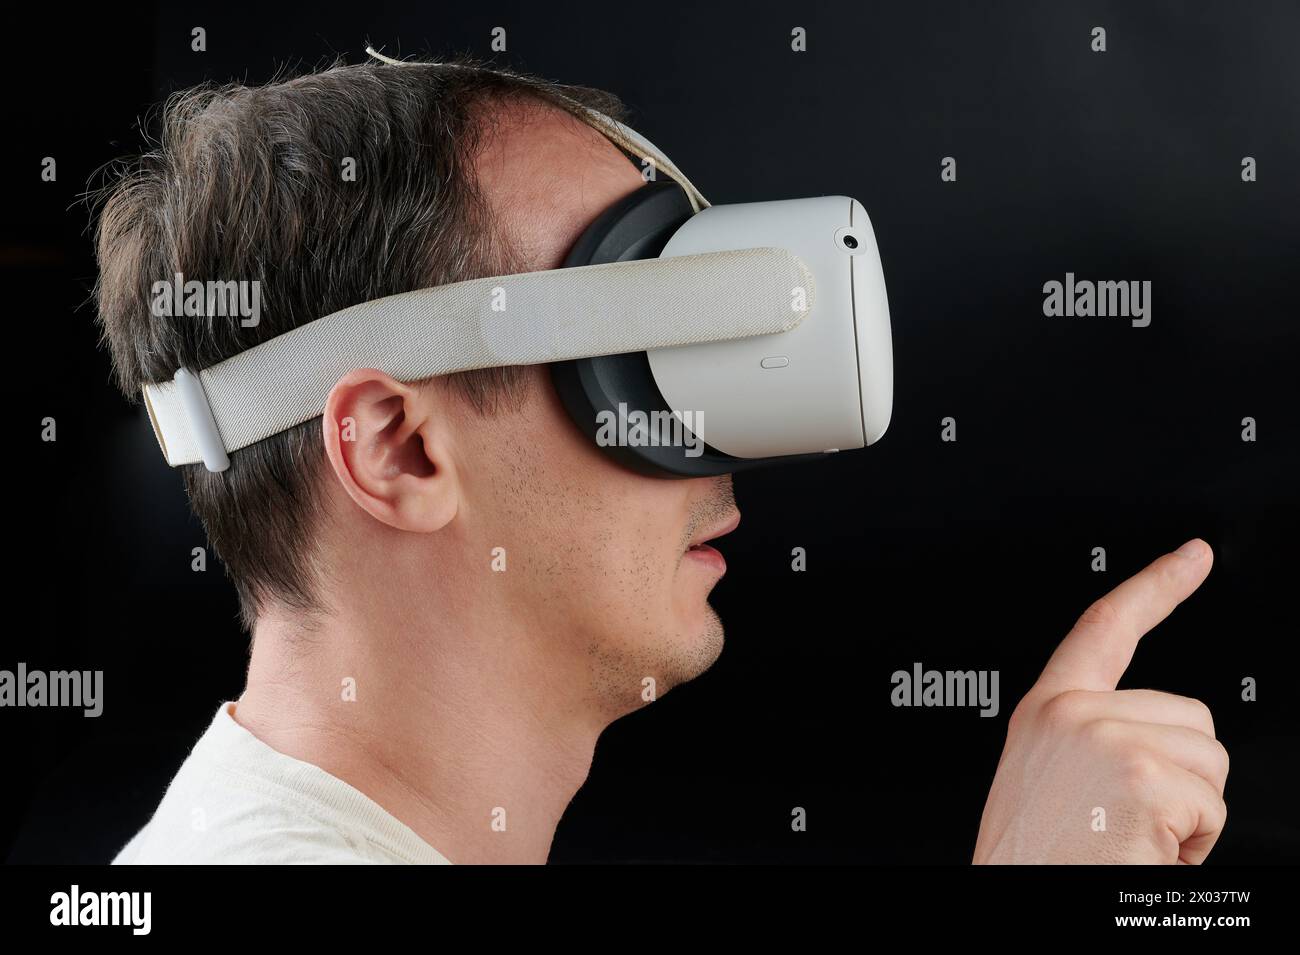 Personne utilisant des lunettes de réalité virtuelle vue latérale avec le client Banque D'Images
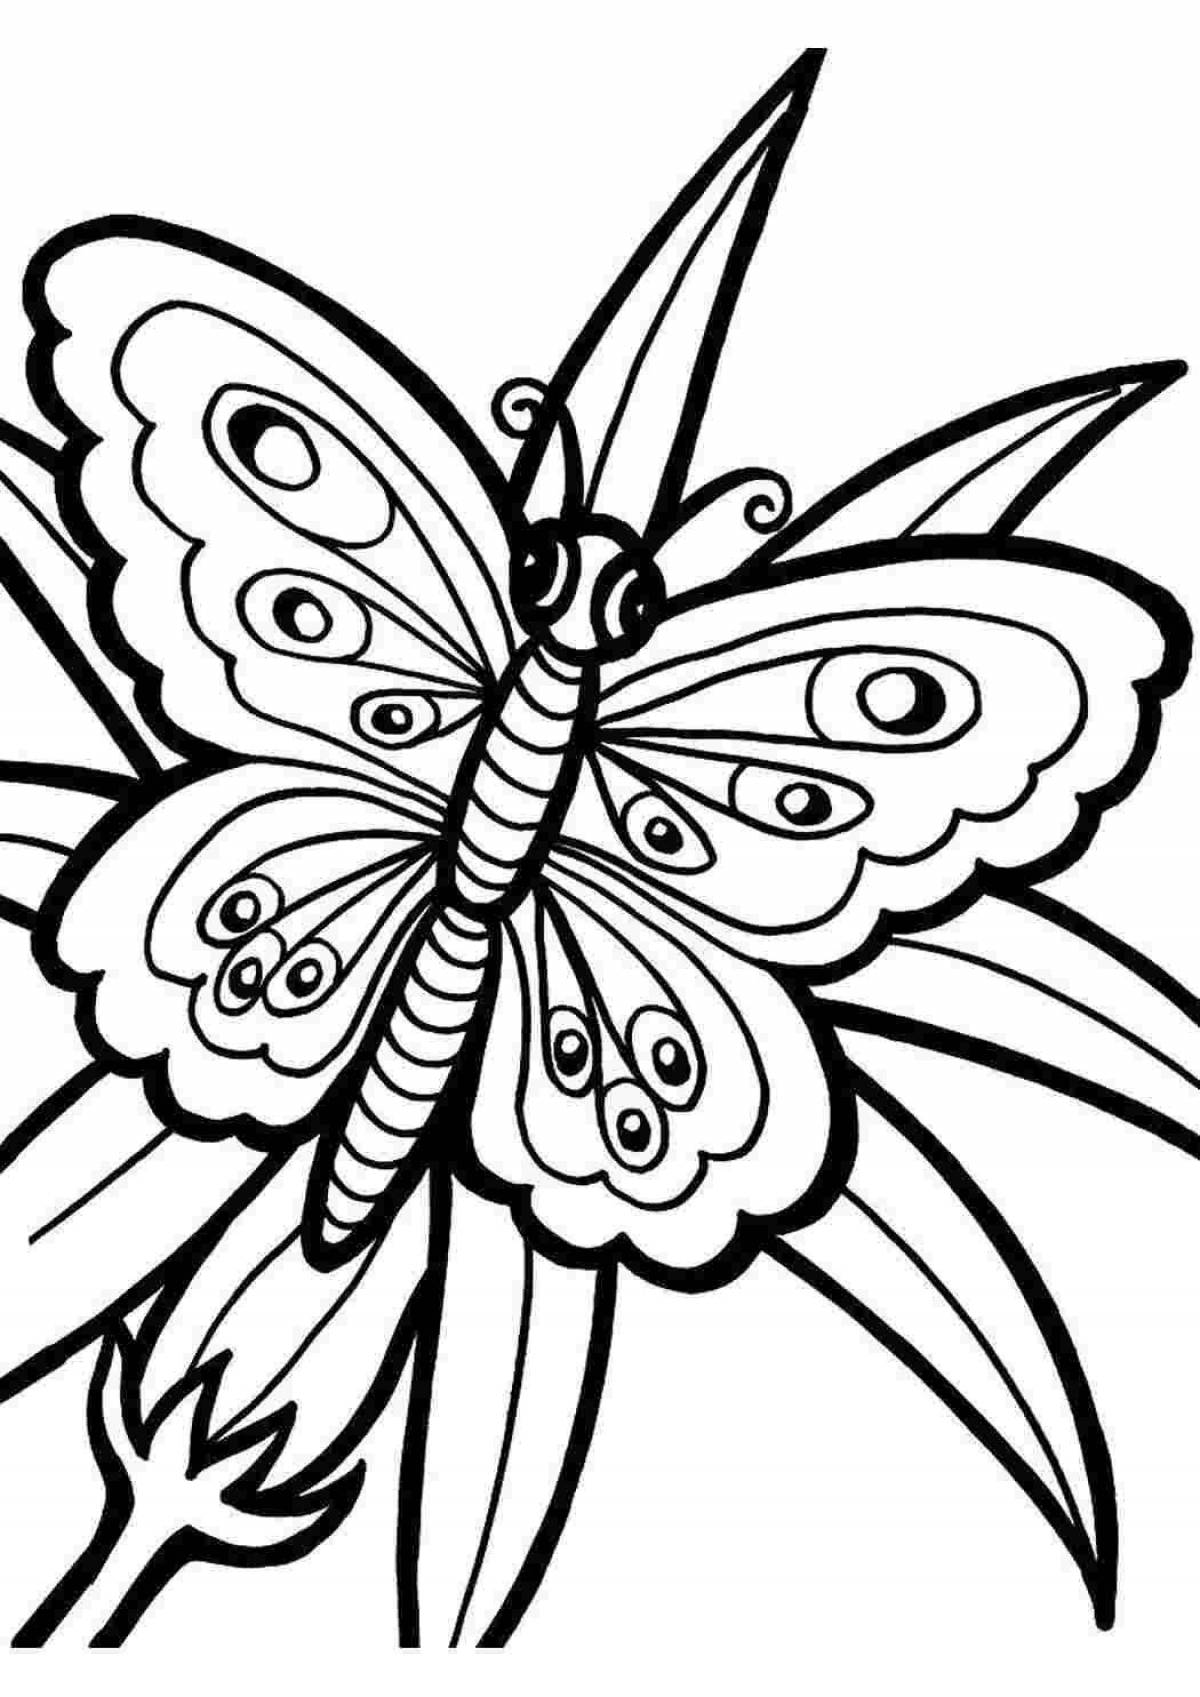 Картинки раскраски. Раскраска "бабочки". Бабочка раскраска для детей. Рисунок бабочки для раскрашивания. Детские раскраски бабочки.
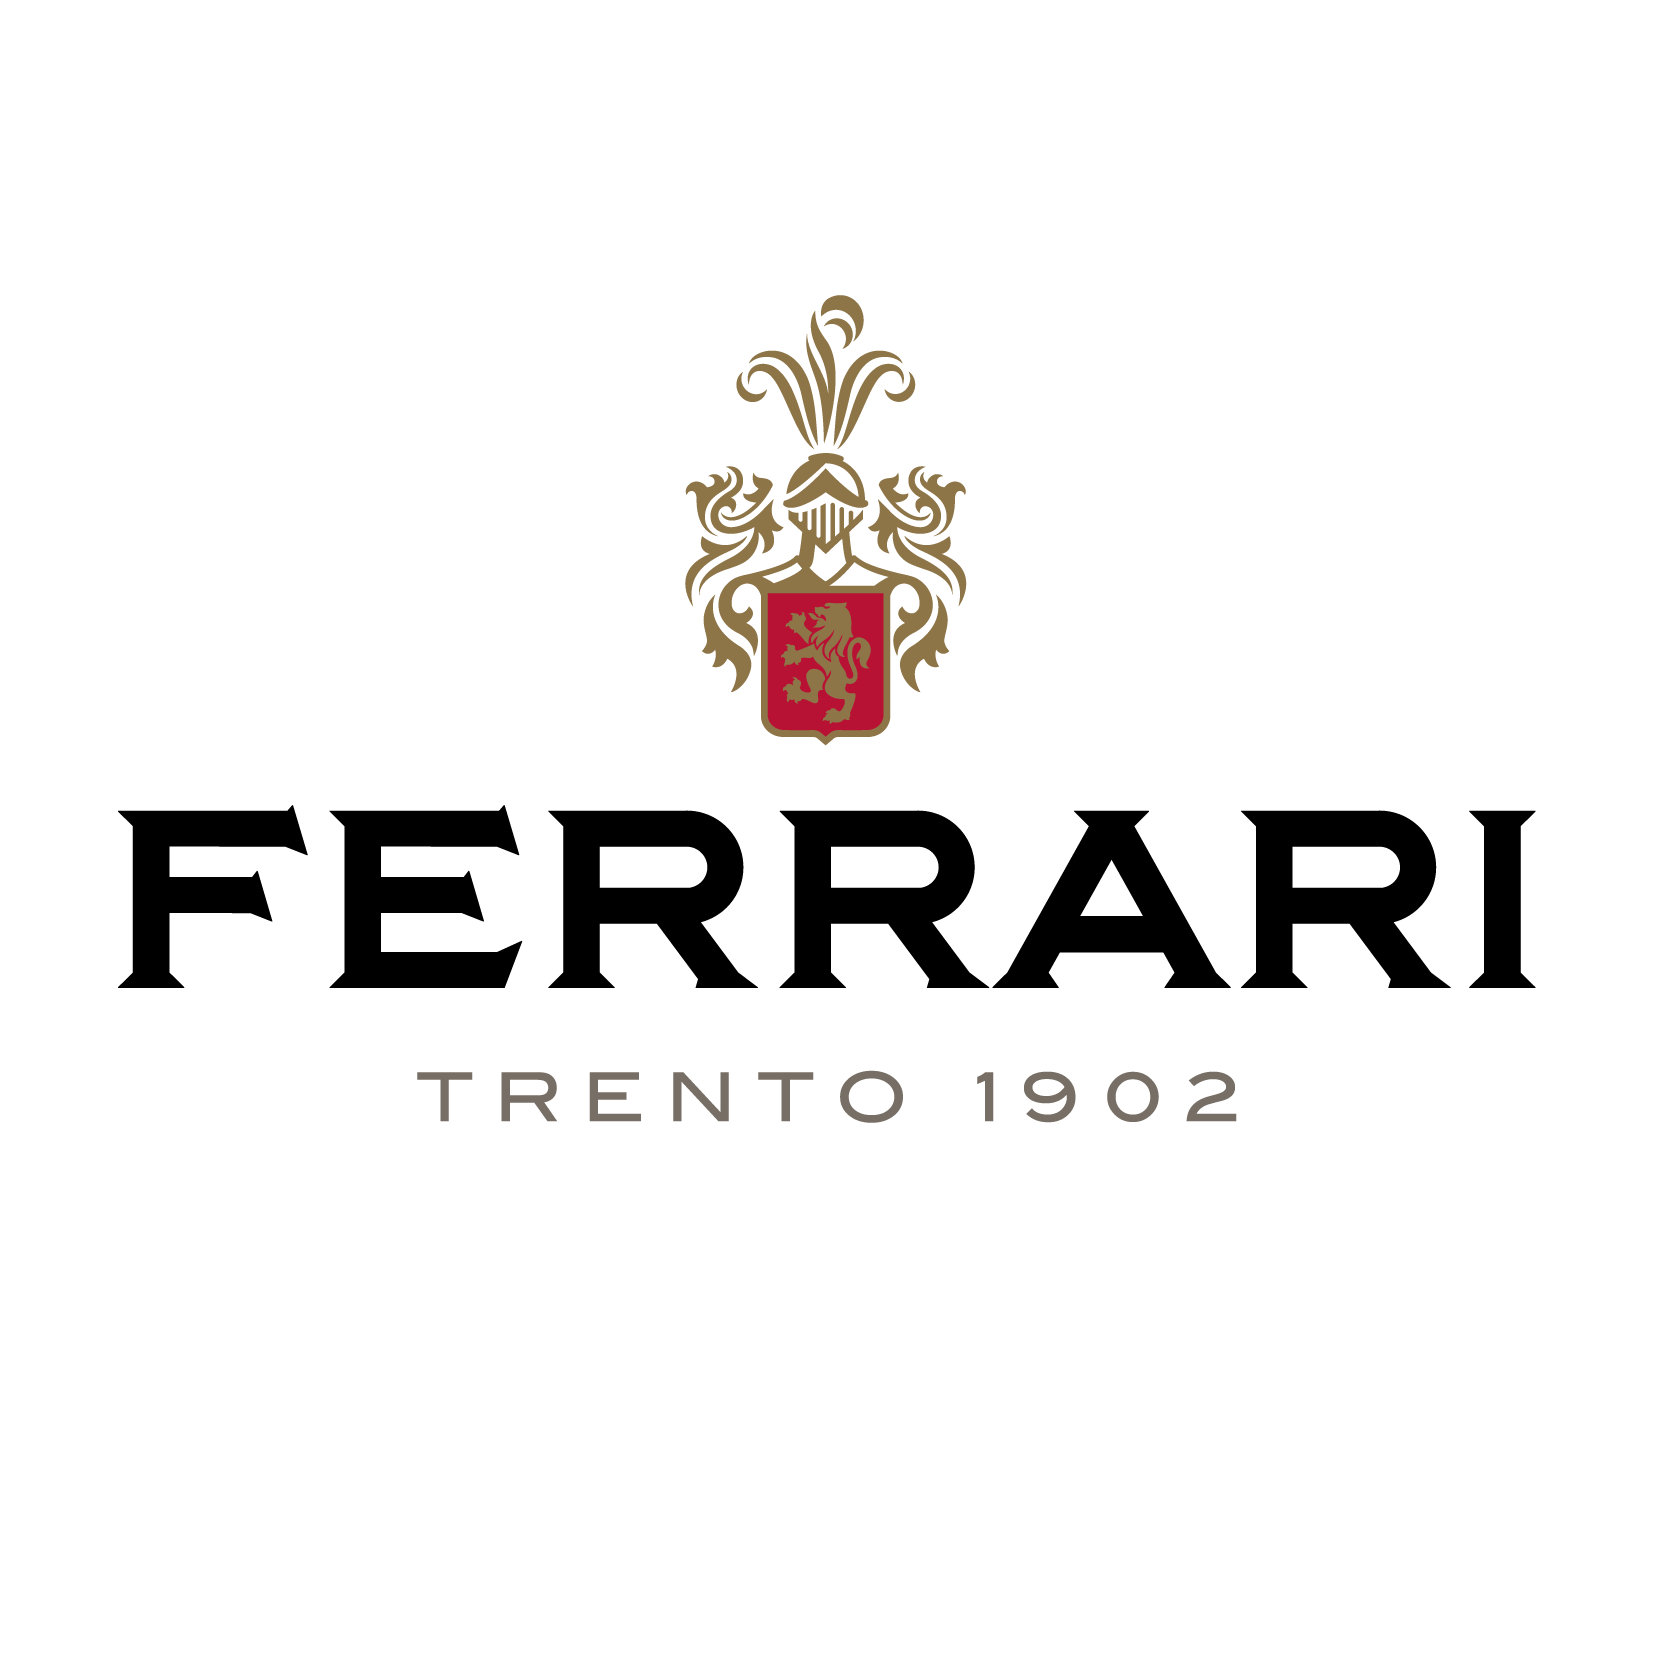 Ferrari Trento vini in offerta scontati fino al 60% in meno su vinolog24.com
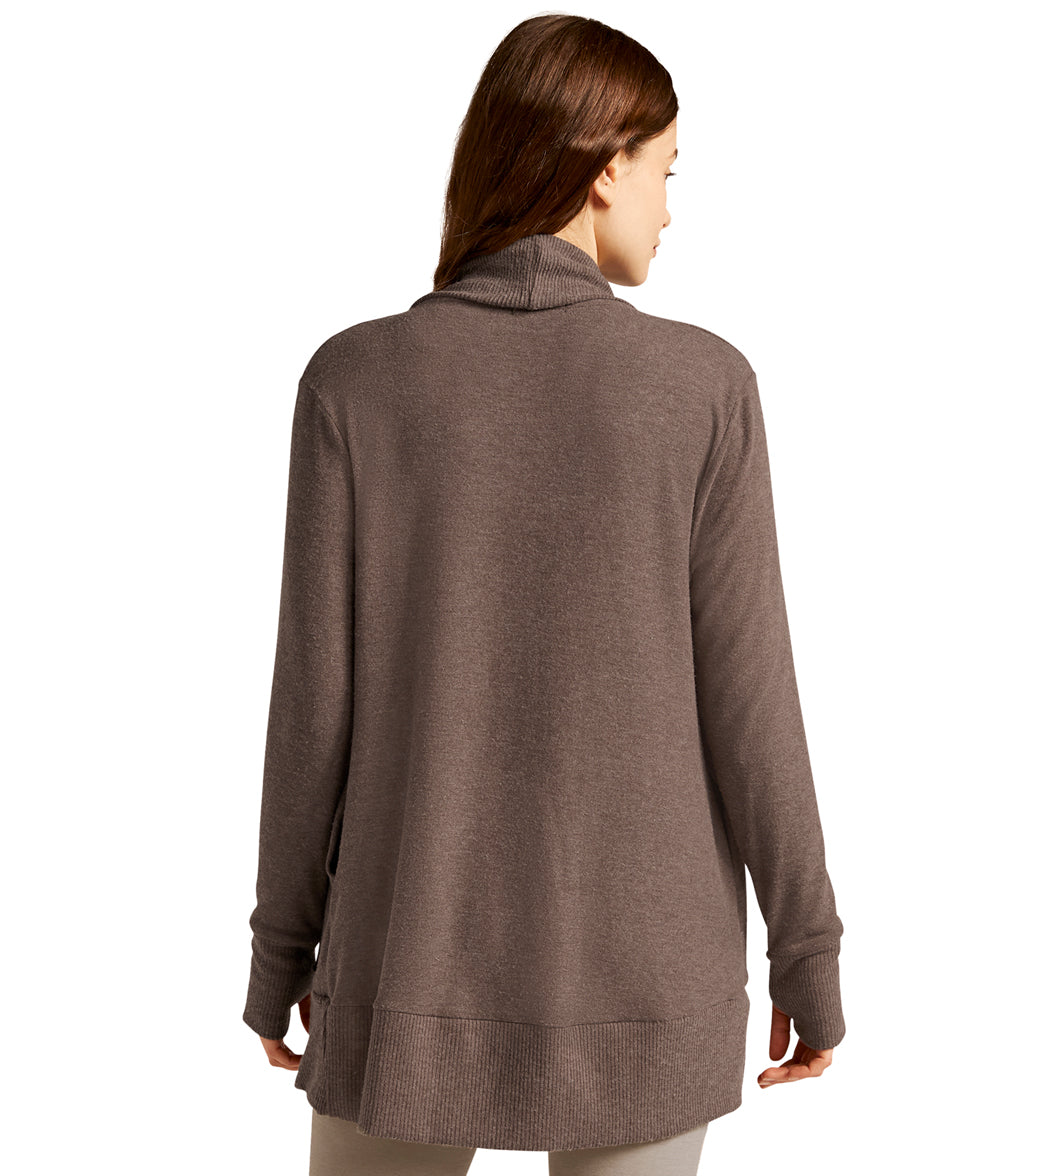 Beyond Yoga Asymmetrical Drape Convertible Cardigan, $128
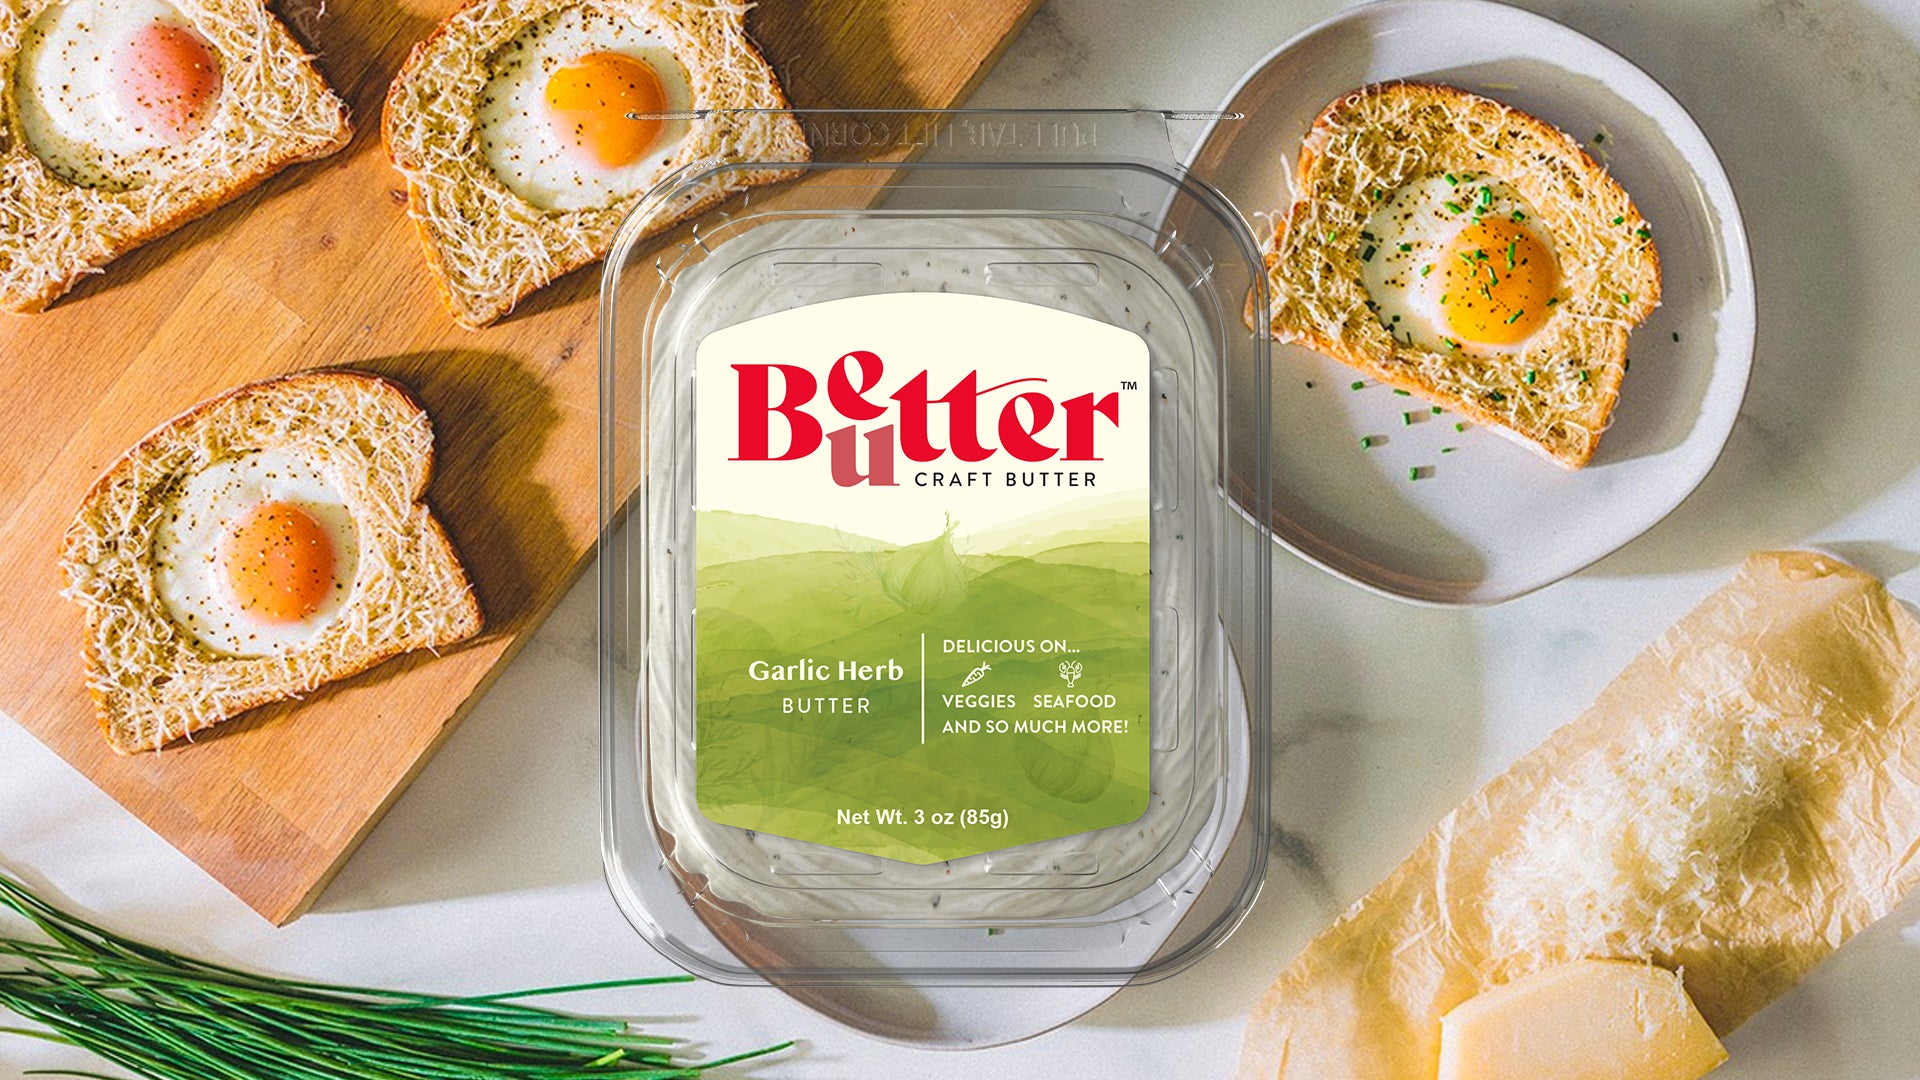 Garlic Herb Craft Butter

==*==

_WHAT TO DO_.
Write out all the records again, exactly, minus any pictures.

_WORKED SOLUTION_.
 Personne utilisant des lunettes de réalité virtuelle vue latérale avec le client Banque D'Images
 Картинки раскраски. Раскраска "бабочки". Бабочка раскраска для детей. Рисунок бабочки для раскрашивания. Детские раскраски бабочки.
 Ferrari Trento vini in offerta scontati fino al 60% in meno su vinolog24.com
 Beyond Yoga Asymmetrical Drape Convertible Cardigan, $128
 Garlic Herb Craft Butter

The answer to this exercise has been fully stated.